Kuduran ve işgale başlayan İsrail’i ancak İslam Birliği Gücü durdurabilir. Batı, bu kesin tavrı gördükten sonra tasmalı mahlûkunu dizginleyebilir. Gazze’nin başka kurtuluş çaresi yok.

Dünyanın başına bela olarak kurdurulan İsrail terör örgütü, zulmüne ve şenaatlerine aralıksız devam ediyor. Önceki gün, zaten iki seneden beri hava bombardımanıyla yerle bir edilmiş olan Gazze’yi alçakça işgal harekâtı başlattı. Ukrayna’yı kurtarmak için Batılı bütün ülkeleri bir araya getiren ABD, suç ortağı İsrail’in cinayetlerine sessiz kalmaya hatta açıkça destek olmaya devam ediyor. Bütün bu kahredici gelişmeler insanlığın İsrail ile birlikte ABD’den nefret etmesini de sağlıyor. Evet, şu anda soykırımcı iki ülke var: İsrail ve ABD. Elbette her ikisi de suçlarının hesaplarını verecekler; yöneticileri er veya geç sanık sandalyesine oturtulacaktır. Ben buna yürekten inanıyorum.

Peki, durup seyredecek miyiz olan cinayetleri?

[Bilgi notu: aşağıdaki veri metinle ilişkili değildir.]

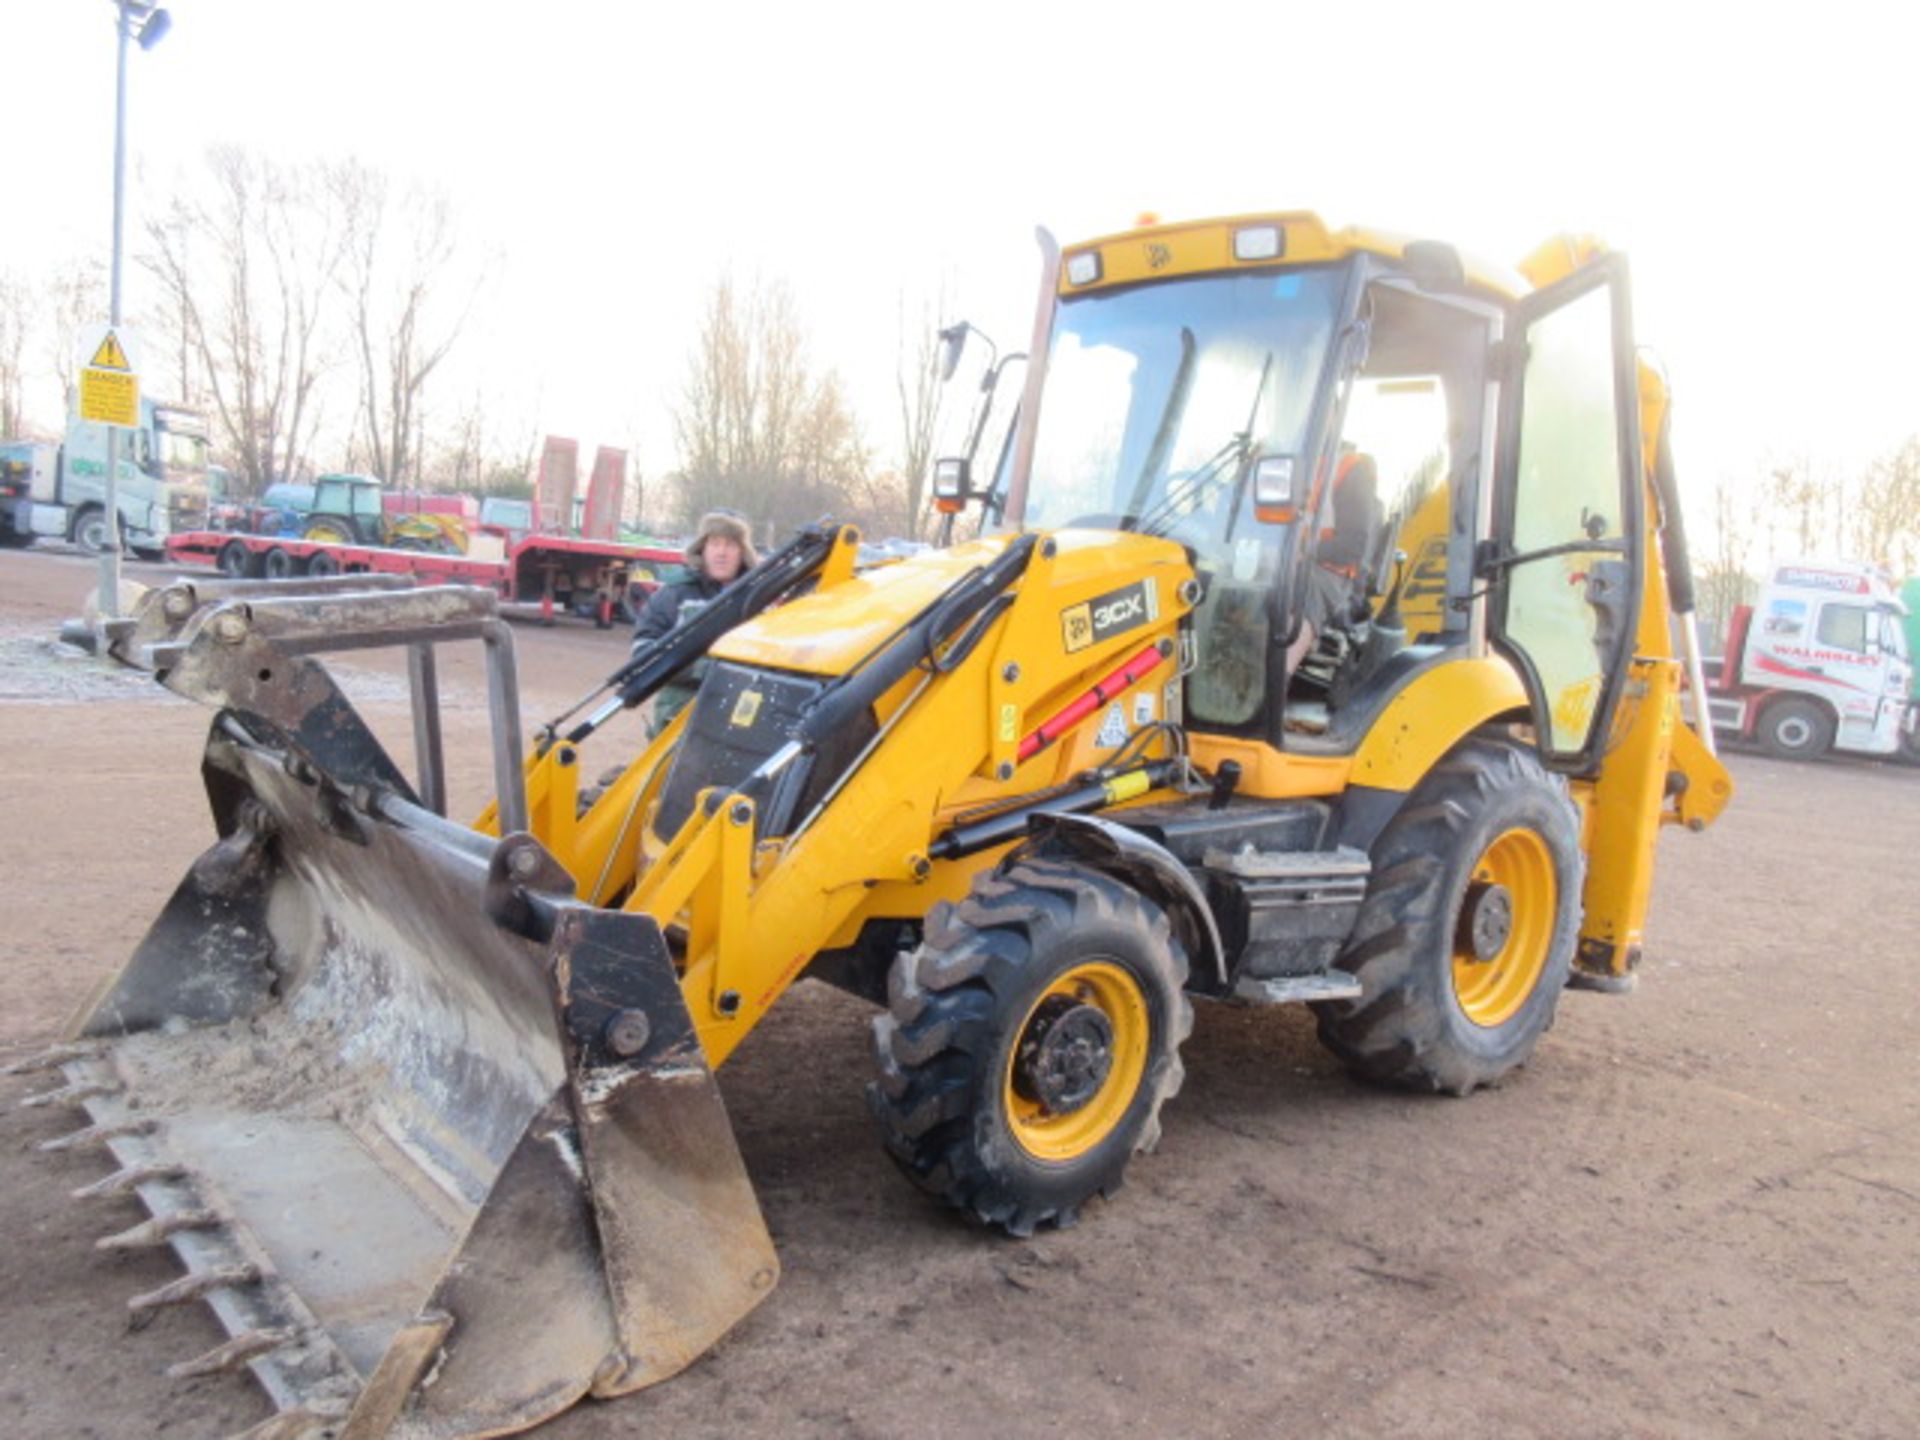 2008 JCB 3CX Sitemaster c/w Piped, Quick Hitch, 4 in 1 Bucket Ser. No. 81346092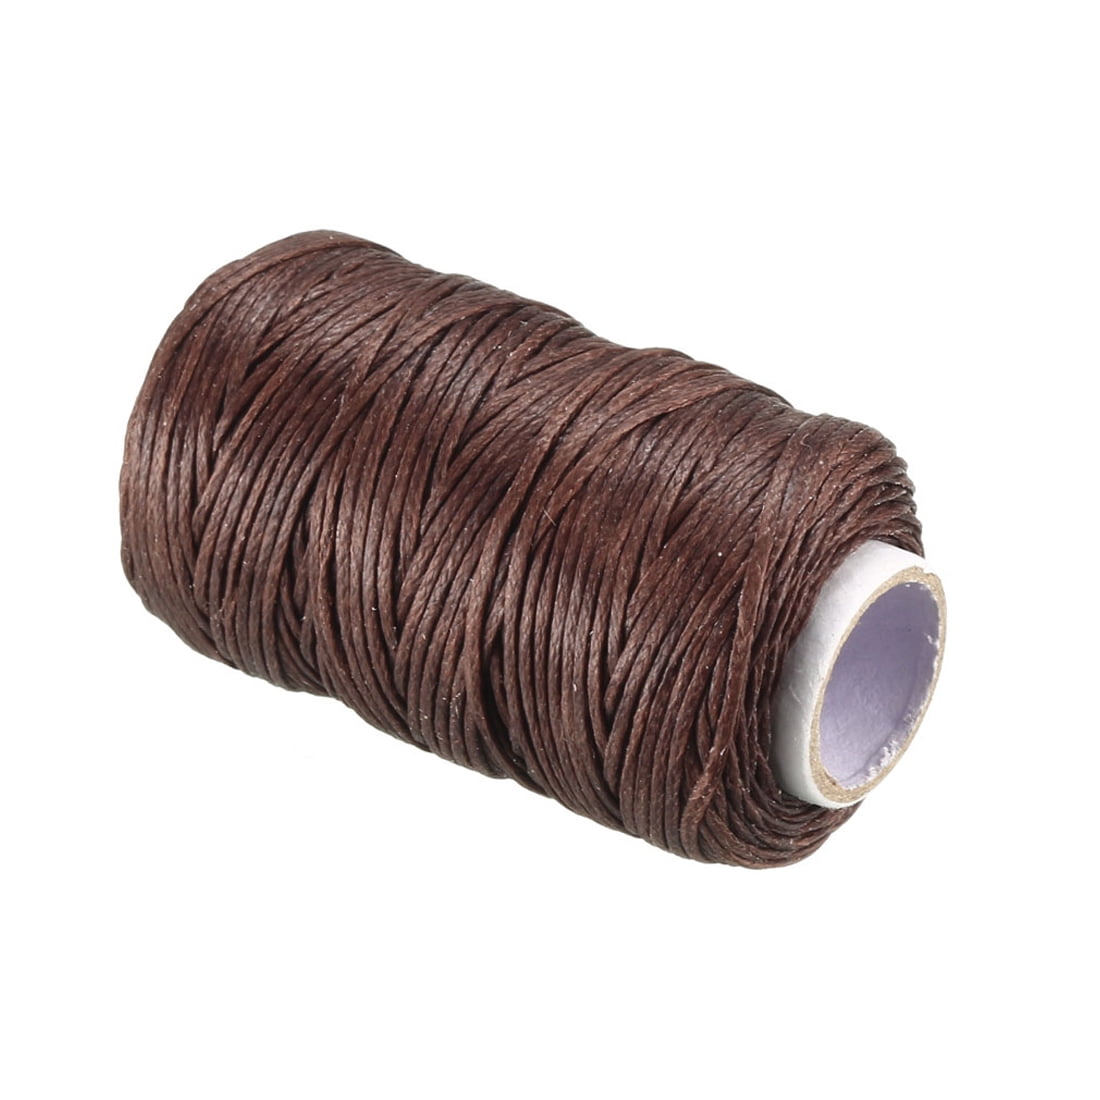 260M/Roll Waxed Cord Leather Sewing Waxed Thread For Upholstery Bags Shoes  Leather Tools Material Accessories Stitching String From Piterr, $42.91

Gazzeli sivil halkın, masum çocukların, dünya tatlısı bebeklerinin katliamlarına hep susacak mıyız? Bence başta İslam âlemi olmak üzere bütün dünyada bir nefret birikiyor. Bu nefret ve kin dalgasının ne zaman kabarıp taşacağını, İsrail ve ABD’ye ne zaman yöneleceğini kestiremiyorum. Fakat şuna inanıyorum ki insanlar insanlıklarını kaybetmediyse, erdemi, ahlakı, fazileti, barışseverliği yitirmediyse bu iki ülkeyi mutlaka şiddetli şekilde cezalandıracak. Bu akıbetlerine şahit olacağız. Zaten İsrail’in bölgede etkisizleştirilmesi hâlinde ABD de tarihinin en büyük tokadını yemiş olacak. Rabbim bu akıbetlerini yakın eylesin.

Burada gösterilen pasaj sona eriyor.